It's 2am. Twenty-odd alerts just fired. A few are real — a database melting down and taking checkout with it, an auth cert that expired, a queue quietly saturating toward an outage. The rest are noise: a disk-usage alert that flaps every four minutes, two CPU blips that healed before you finished reading them, a duplicate of a ticket someone already owns, and a deploy that fixed itself. NoiseBench asks a frontier LLM to do what your on-call engineer does half-asleep: decide who to wake up — catching every real incident without drowning in the noise. Miss one real page and you've failed, no matter how clean the rest of your triage.
This is a benchmark for models, not products. Every model gets the same telemetry, the same tools, the same prompt. We measure the reasoning.
Modern observability stacks don't have a data problem — they have a paging problem. Alerts fire constantly. Most are noise: flaps, transients, deploy churn, duplicates of incidents already being worked. A few are real and need a human now. The skill that matters is triage: separating the one real incident from the pile of look-alikes — without missing the real one, and without waking someone for a blip.
NoiseBench gives a model a batch of fired pages plus the context a good engineer would pull —
recent metric values, clustered log patterns, deploy history, whether the alert auto-resolved,
how often it has fired this hour, and which incidents are already open — and asks it to label
each page page (wake a human) or suppress (noise).
For each page, the model decides page vs suppress. We score the positive class (page)
with precision / recall / F1, under one non-negotiable rule:
- You may not suppress a real incident. Each scenario contains at least one real, high-severity incident that must be paged. Suppress it and you score zero, no matter how clean the rest of your answer is. Missing a real SEV1 is the cardinal sin of on-call.

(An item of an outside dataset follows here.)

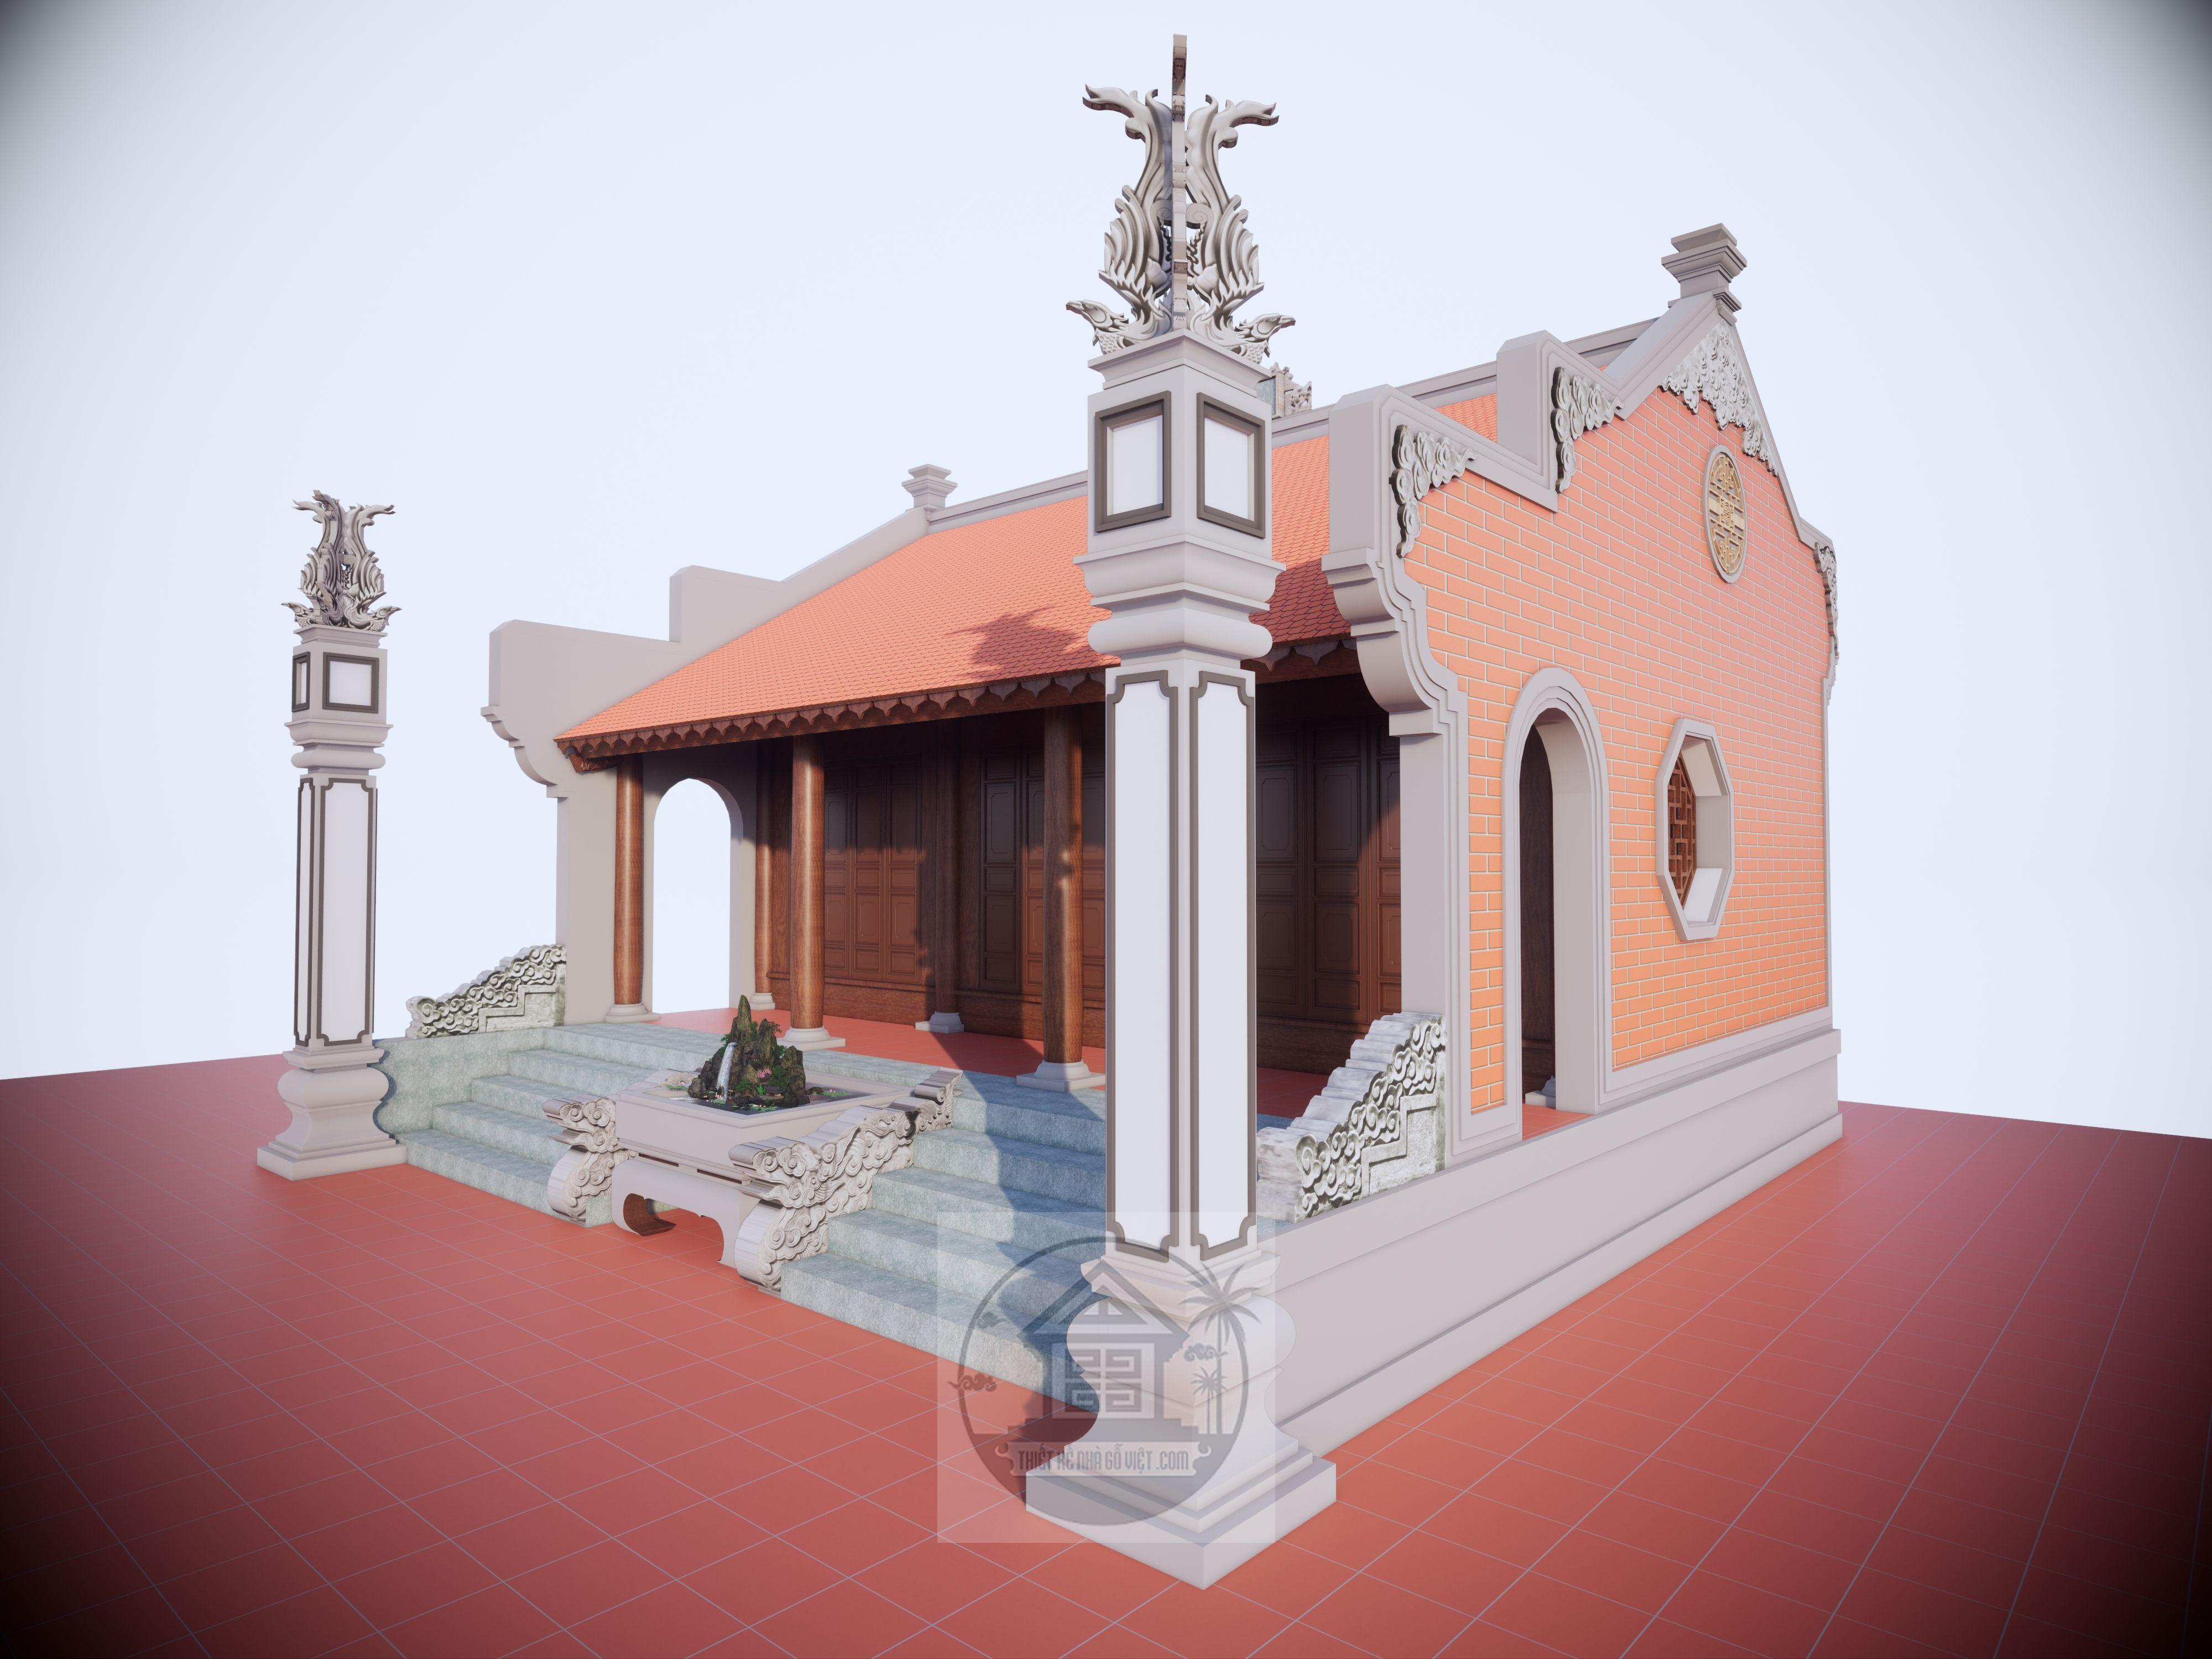 mẫu thiết kế nhà gỗ 3 gian đẹp

- Over-paging is penalized. Every piece of noise you page costs precision. Because a real incident should collapse to a single page, the bar is unforgiving: at full recall, one false page already drops you below threshold.
It rewards exactly one behavior: wake a human for the real thing, and nothing else.
NoiseBench uses the Terminal-Bench task format, run by the
Harbor harness with the default terminus-2 agent. We
ship only the tasks + datasets + scoring — the harness and the models are external. Every
model is dropped into an identical Docker sandbox with the telemetry under /workdir/ and
standard shell tools (jq, grep, cat, …), and must write its decisions to
/workdir/triage.json. There is no product in the loop; this is a pure reasoning eval.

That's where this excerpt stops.